Stage 3 — Fine-tuning
finetune_hint_qwen.sh runs QLoRA via unsloth:
| Hyperparameter | Default |
|---|---|
| Base model | Qwen/Qwen3-0.6B |
| LoRA rank | 16 |
| LoRA alpha | 32 |
| Max steps | 200 |
| Batch size | 4 × grad_accum 4 = 16 effective |
| Learning rate | 2e-4 |
| Quantisation | 4-bit QLoRA (bitsandbytes) |
Requirements:
pip install "unsloth[colab-new]" xformers trl peft accelerate bitsandbytes
GPU note: Qwen3-0.6B fits in 4 GB VRAM at 4-bit.
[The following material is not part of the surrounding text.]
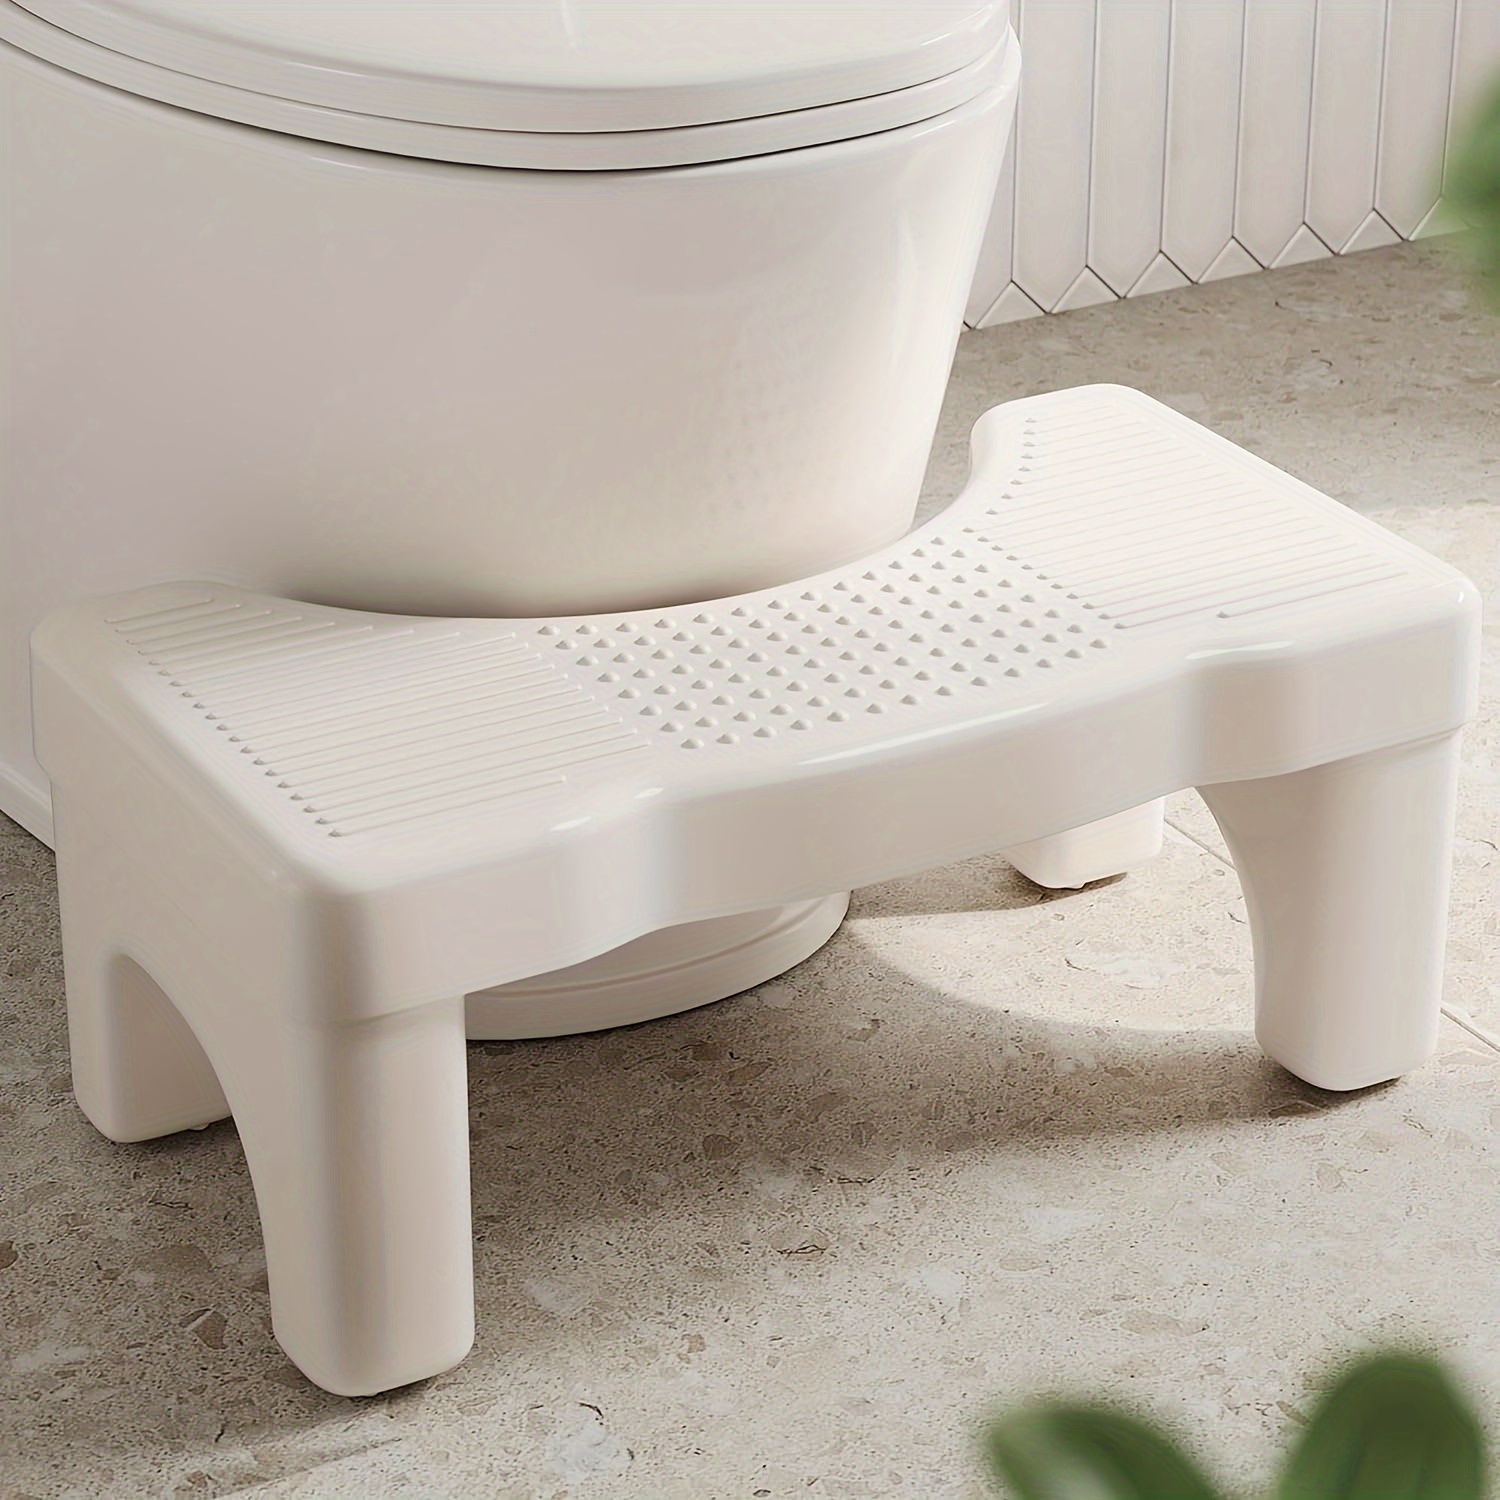 

Premium Toilet Stool Squat For Adults, Non-slip Squatting Poop Stool For Bathroom, Sturdy Pooping Stool, Toilet Step Stool For Kids/toddlers, 7 Inch Potty Foot Stool
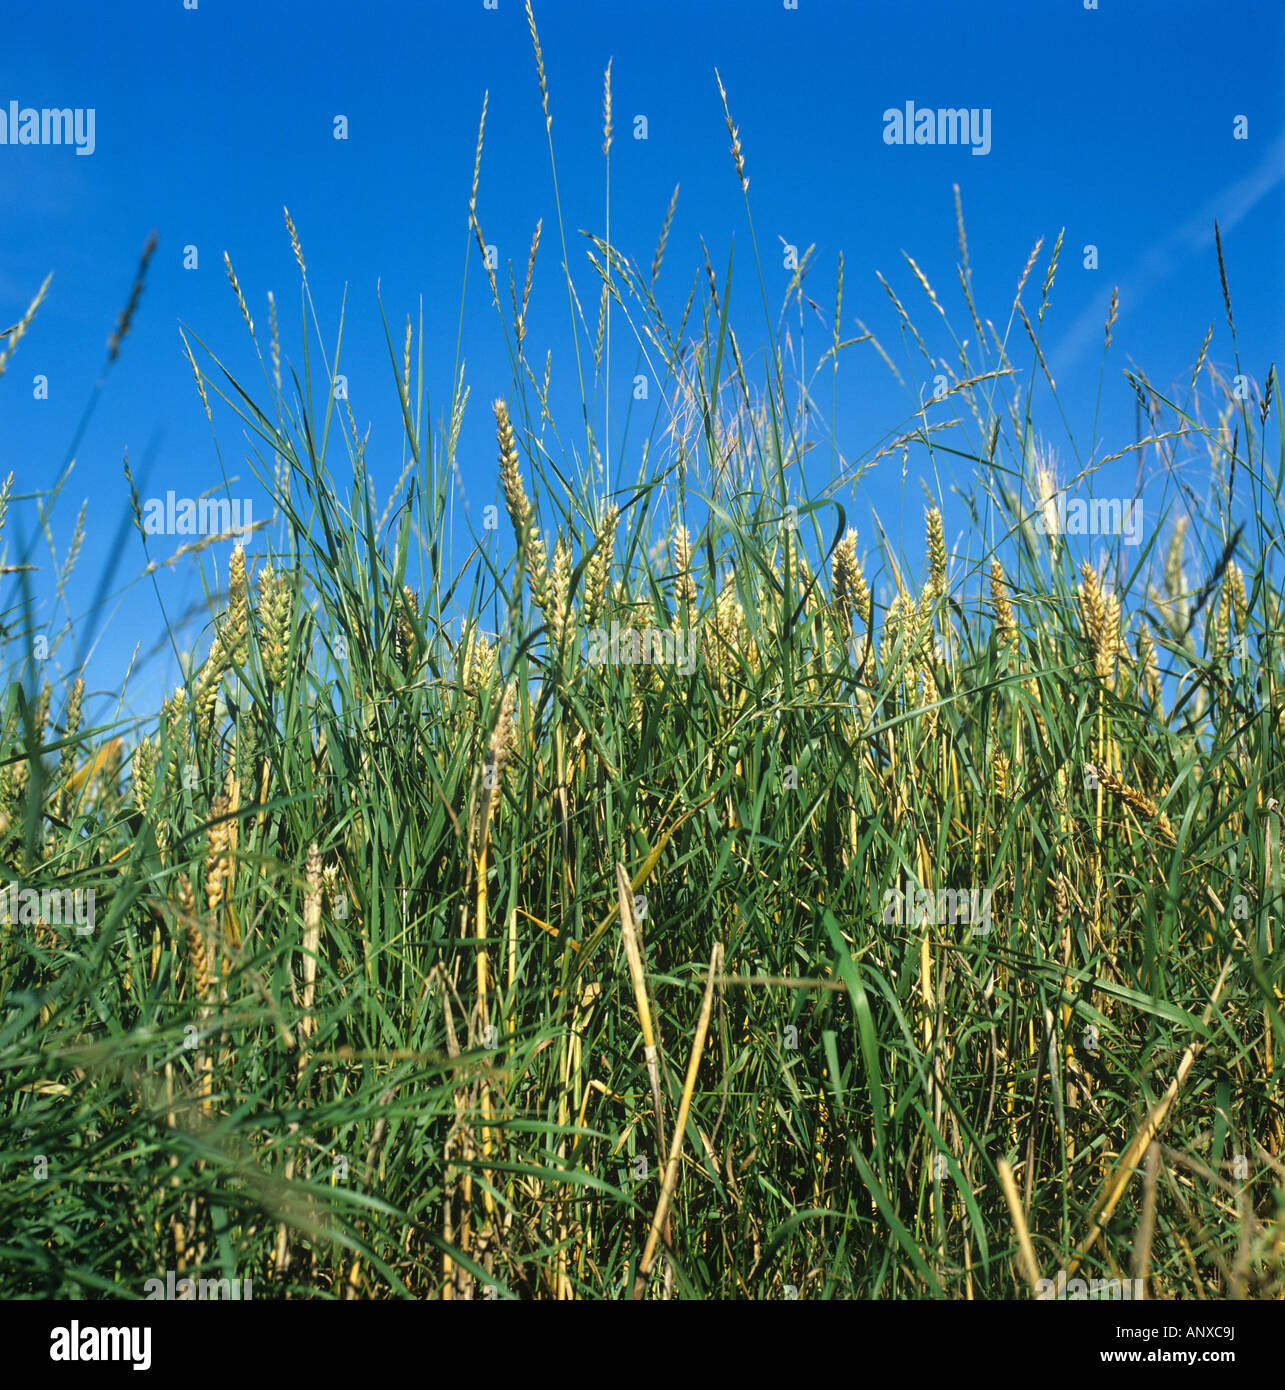 Couch Agropyron repens perennial grass weeds in flowerr in a ripe wheat crop Stock Photo

CPU training is possible but slow (30 min/100 steps).
After training, the script:
- Merges LoRA → fp16 safetensors (
$OUT_DIR) - Converts to F16 GGUF via
convert_hf_to_gguf.py(needs llama.cpp) - Quantises to Q4_K_M via
llama-quantize(~480 MB)
Override paths via environment:
CHITTA_HINT_DATA=/path/to/corpus.jsonl
CHITTA_HINT_MODEL_DIR=/path/to/merged_output
CHITTA_HINT_GGUF_DIR=/path/to/gguf_output
LLAMA_CONVERT=/path/to/llama.cpp/convert_hf_to_gguf.py
LLAMA_QUANTIZE=/path/to/llama-quantize
Stage 4 — Ollama Registration
setup_hint_model.sh registers the Q4_K_M GGUF with Ollama as chitta-hint-tuned.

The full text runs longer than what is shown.